Society & Culture, Music Commentary, Music, Personal Journals

4.413.7K Ratings

🗓️ 7 March 2004

⏱️ 36 minutes

🧾️ Download transcript

Summary

Sue Lawley's castaway this week is a businessman who brought authentic Indian foods to our supermarkets - Sir Gulam Noon. An instinctive businessman, he was brought up in a complex family situation with a step-brother and sister who were also his half-siblings and a cousin who assumed a paternal role after his own father died. They were not well off, but they had managed until their father's death when Gulam was seven. After that, it was a struggle and as a young teenager Gulam would spend the evenings working in his family's two sweetshops in Bombay. He had an entrepreneurial eye and saw business opportunities to improve and expand.
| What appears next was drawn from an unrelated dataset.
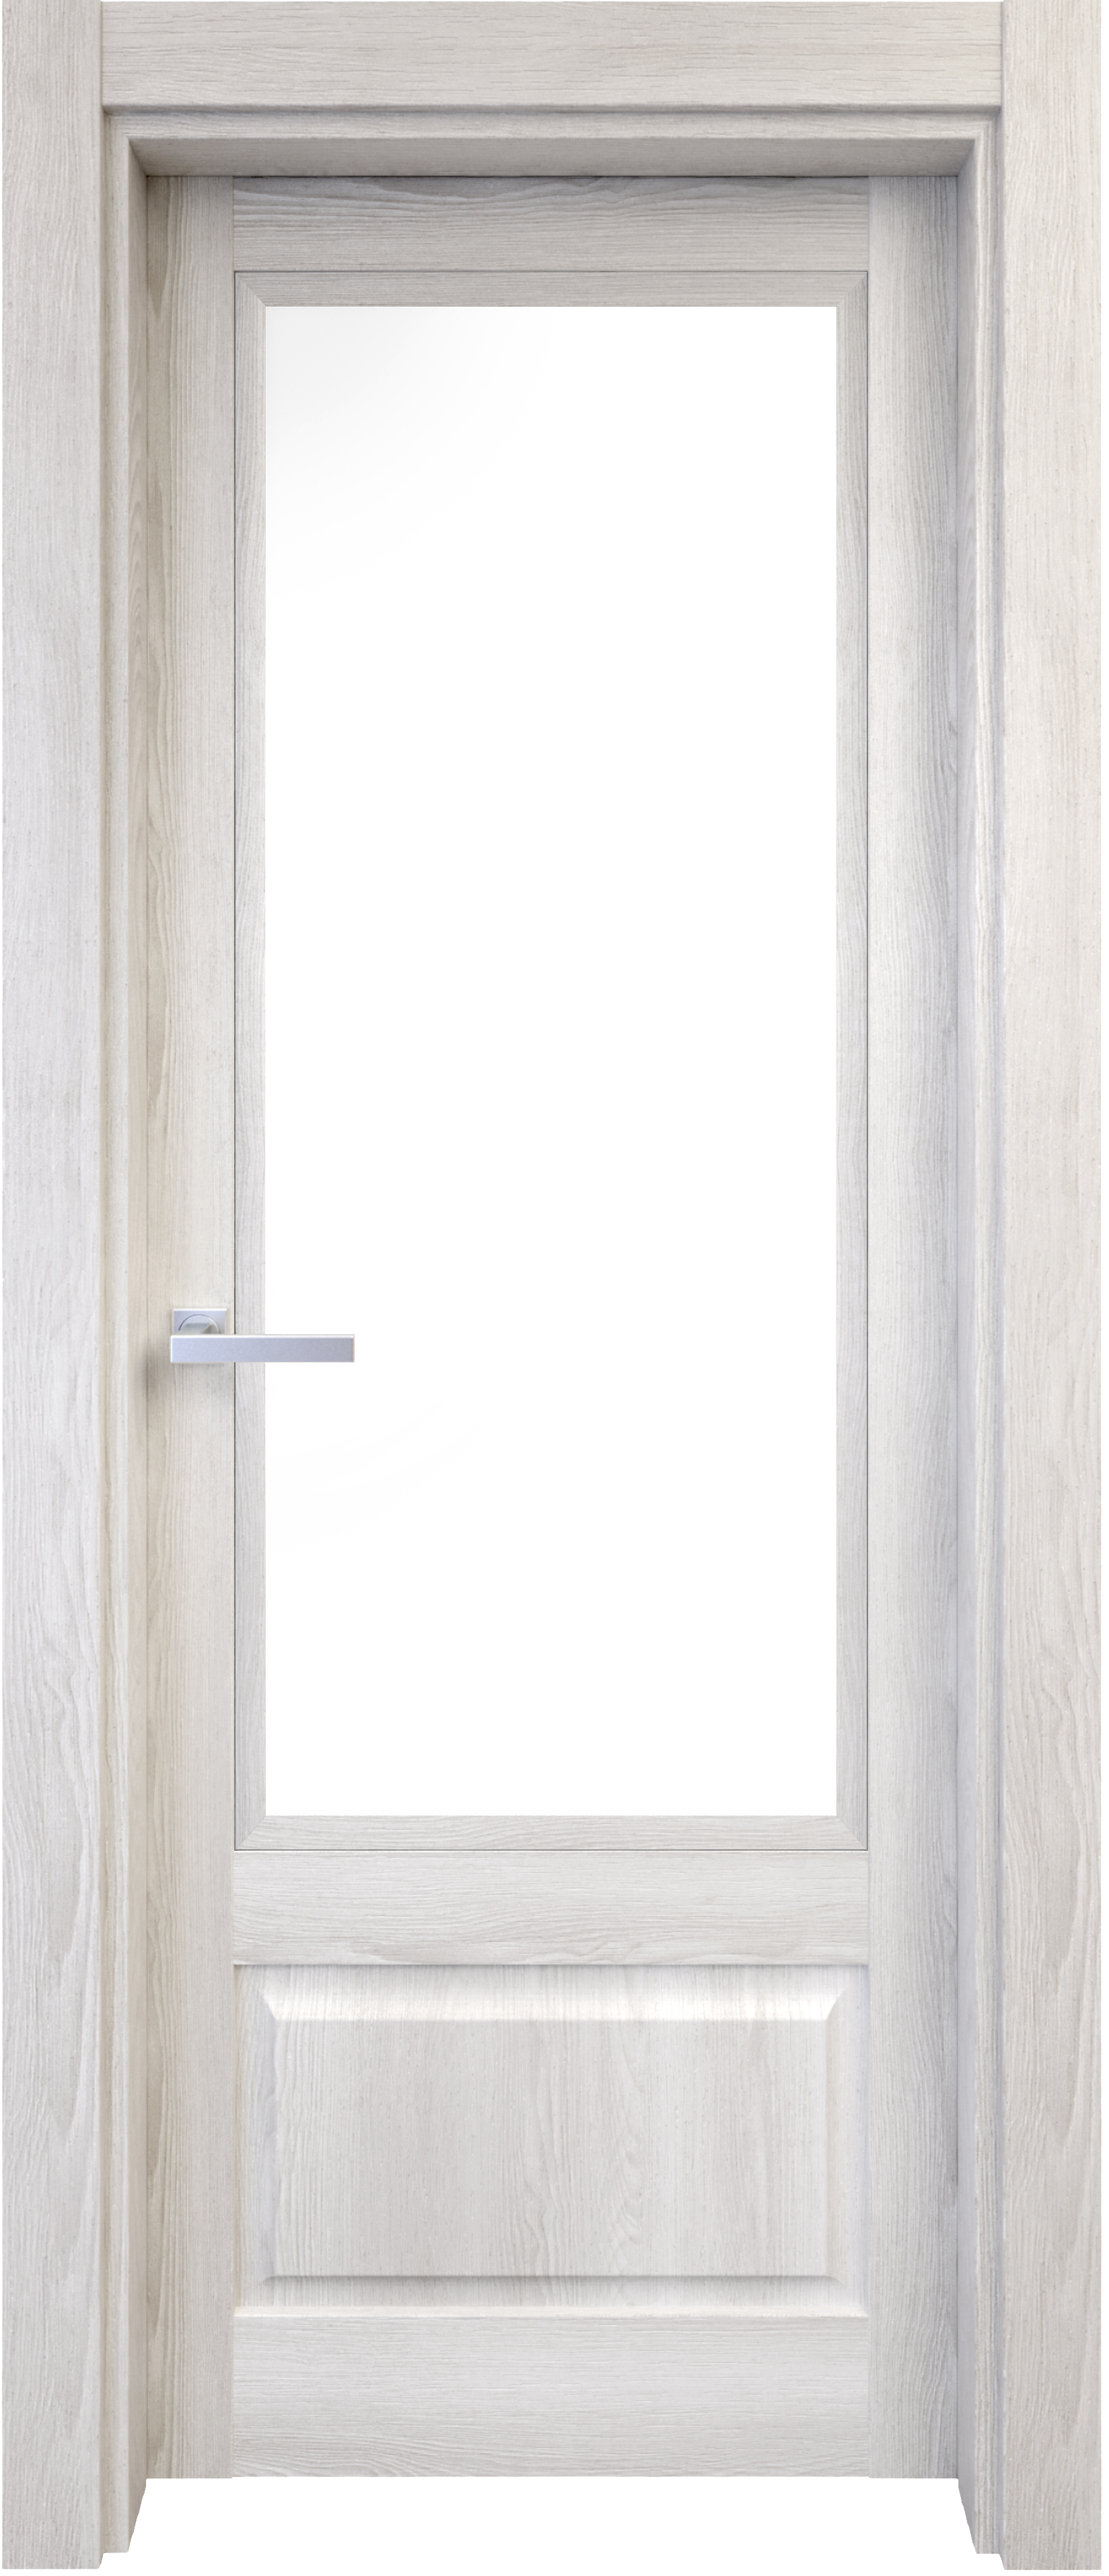 Puerta abatible sofia blanca line plus con cristal blanco izquierda de 82.5

After a brief holiday in Engand he announced to his family that he wanted to expand into this country too. He built a confectionary business here and, seeing the huge public appetite for Indian food in restaurants, started manufacturing it for the supermarket shelves. After a disastrous fire at his factory in 1994, he built up his business again and now makes more than a quarter of a million curries a day. His biggest seller, not surprisingly, is chicken tikka masala. Gulam Noon was given an MBE for services to the food industry in 1994, and in 2002 was knighted.

[Taken from the original programme material for this archive edition of Desert Island Discs]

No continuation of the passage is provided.